We present the case of an 82-year-old patient with hypertension, type 2 diabetes, dyslipidaemia, and a history of smoking with no previous cardiac history, who is being followed up in the gastroenterology department after resection of a hepatocellular carcinoma and is currently undergoing immunotherapy (Durvalumab/Tremelimumab).

He attends a follow-up appointment after receiving the second cycle of Durvalumab. He is asymptomatic at the cardiovascular level, and laboratory tests reveal a marked elevation of troponins, with no notable alterations on echocardiography. Empirical treatment with megadoses of corticosteroids is initiated, and studies are completed by coronary angiography, which shows only mild stenosis in the right coronary artery, as well as cardiac MRI, which confirms the clinical suspicion of myocarditis with oedema in STIR sequence and patches of late enhancement.

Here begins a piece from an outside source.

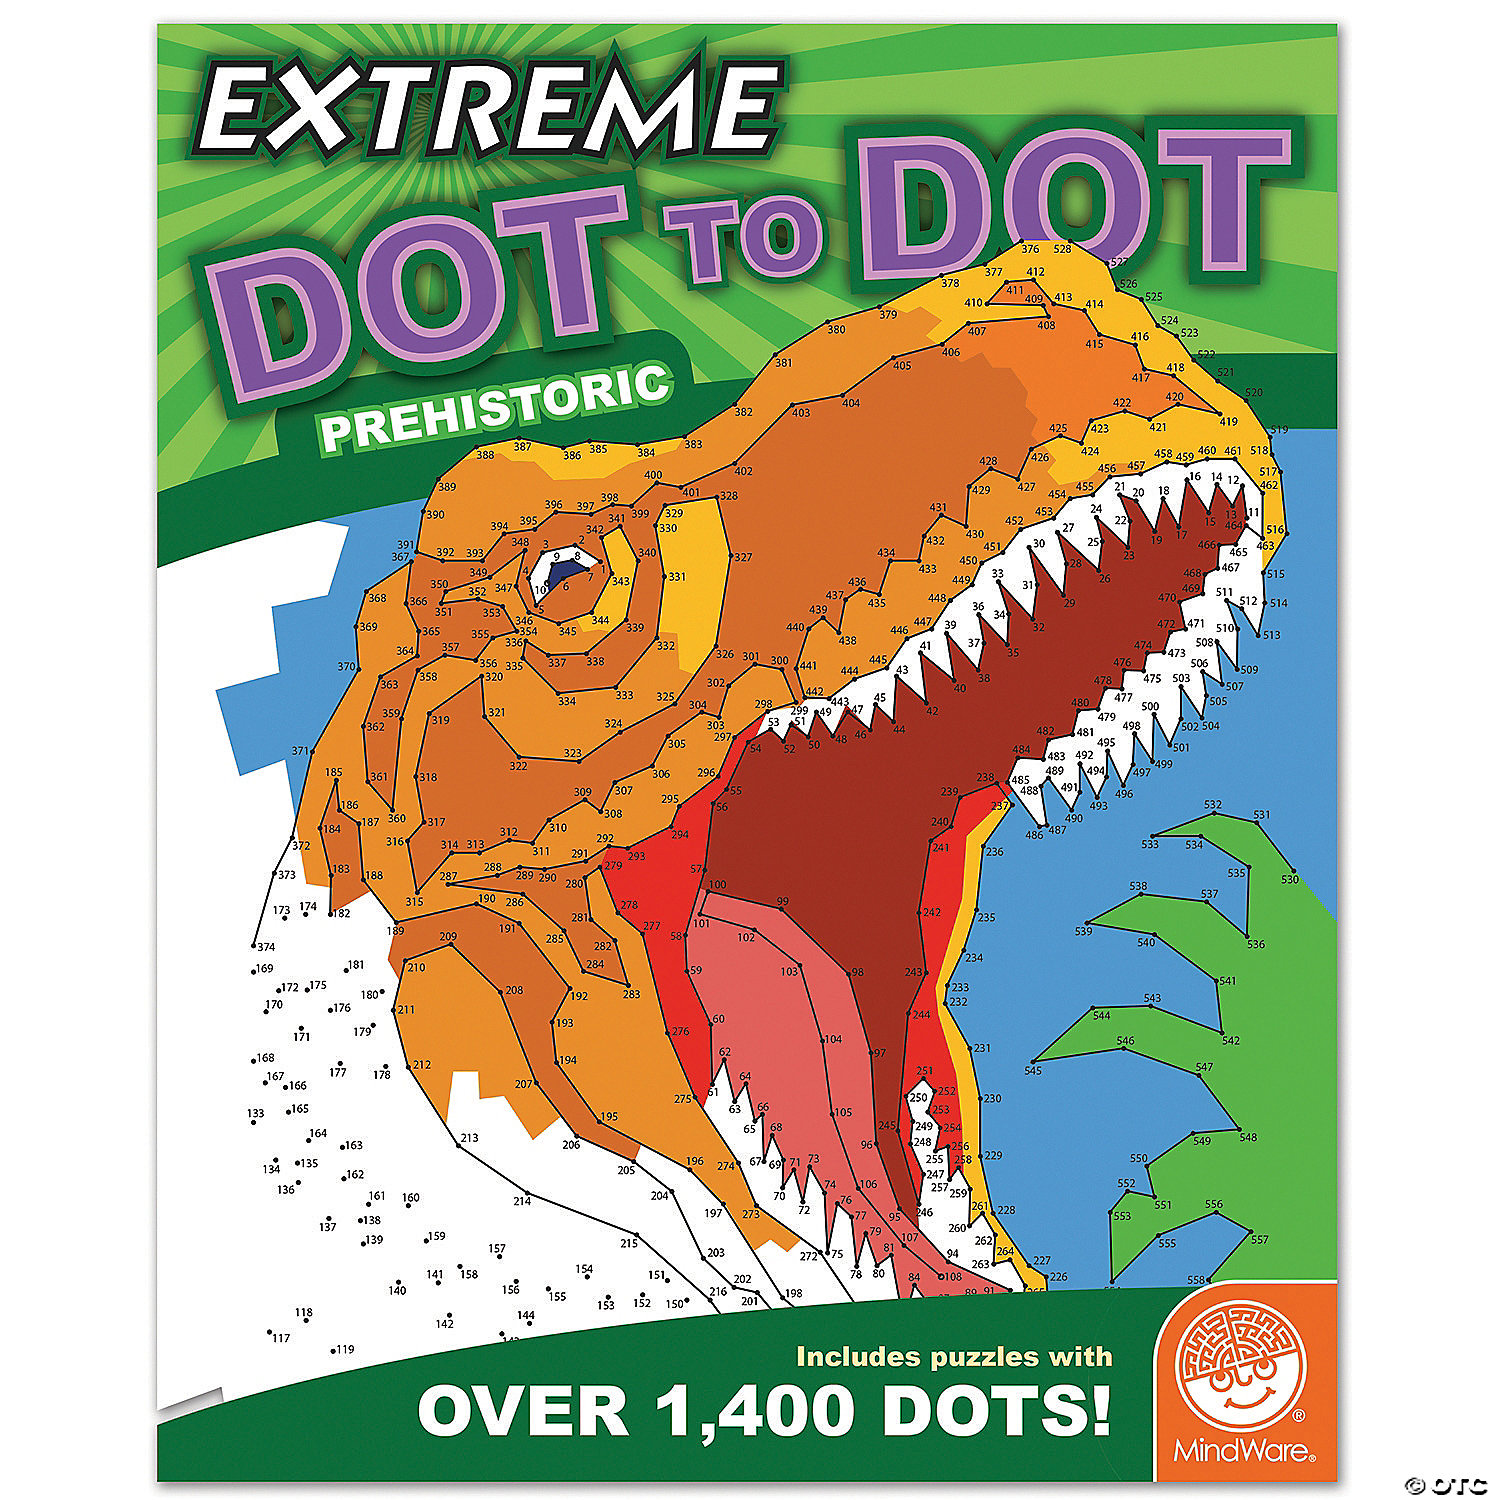 Extreme Dot to Dot Puzzle and Colouring Book MindWare 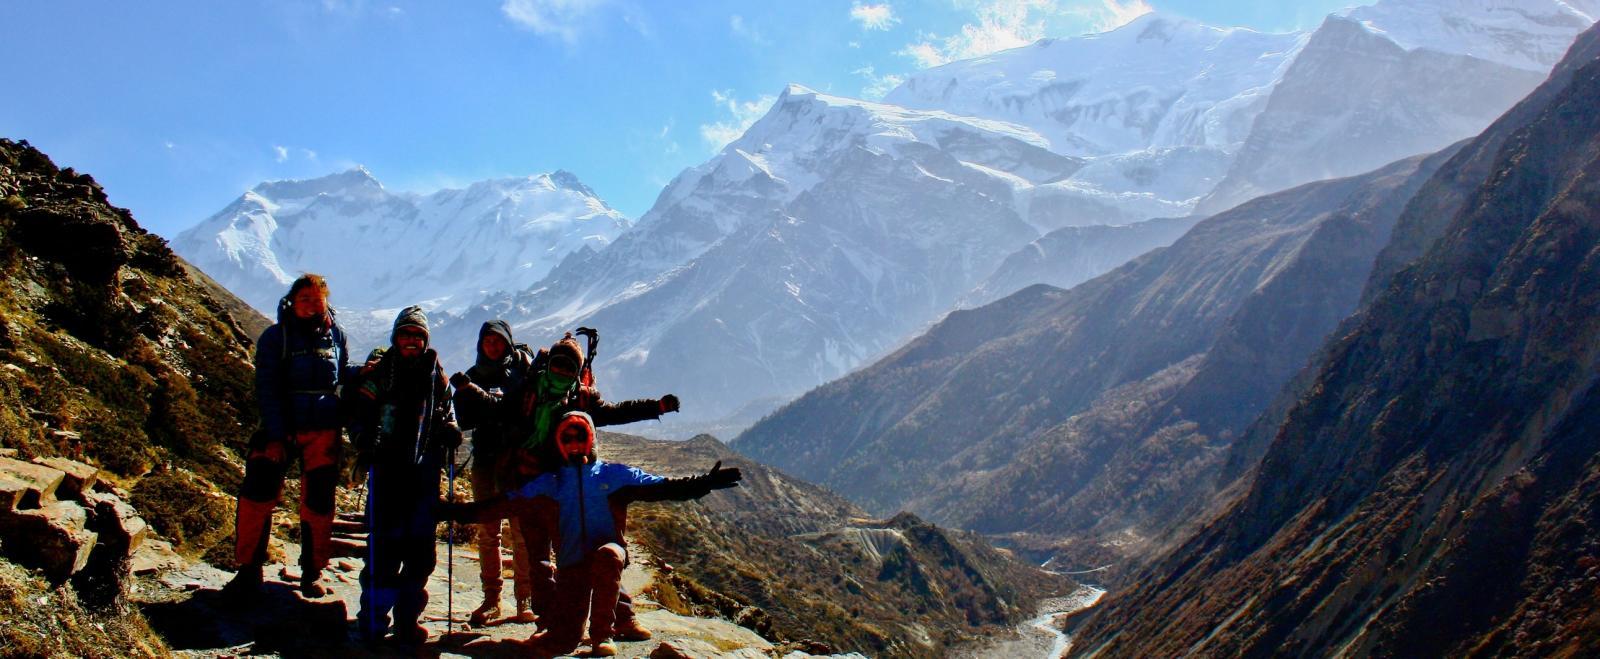 Projects Abroad volunteers climb the snowy Himalayan Mountains while volunteering in Nepal.

Immune-mediated myocarditis is a condition whose incidence has been on the rise in recent years in relation to the increased use of checkpoint inhibitors (PD1, PDL1, and CTLA4). Although rare, given the high mortality rate, clinical suspicion is essential, as in most cases it is asymptomatic in the early stages, with only troponin elevations or non-specific ECG abnormalities being detected. Early treatment is essential, with corticosteroid boluses (1 g/day) being the first-line treatment of choice, which may be combined with other immunosuppressants in cases of poor response or corticosteroid dependence.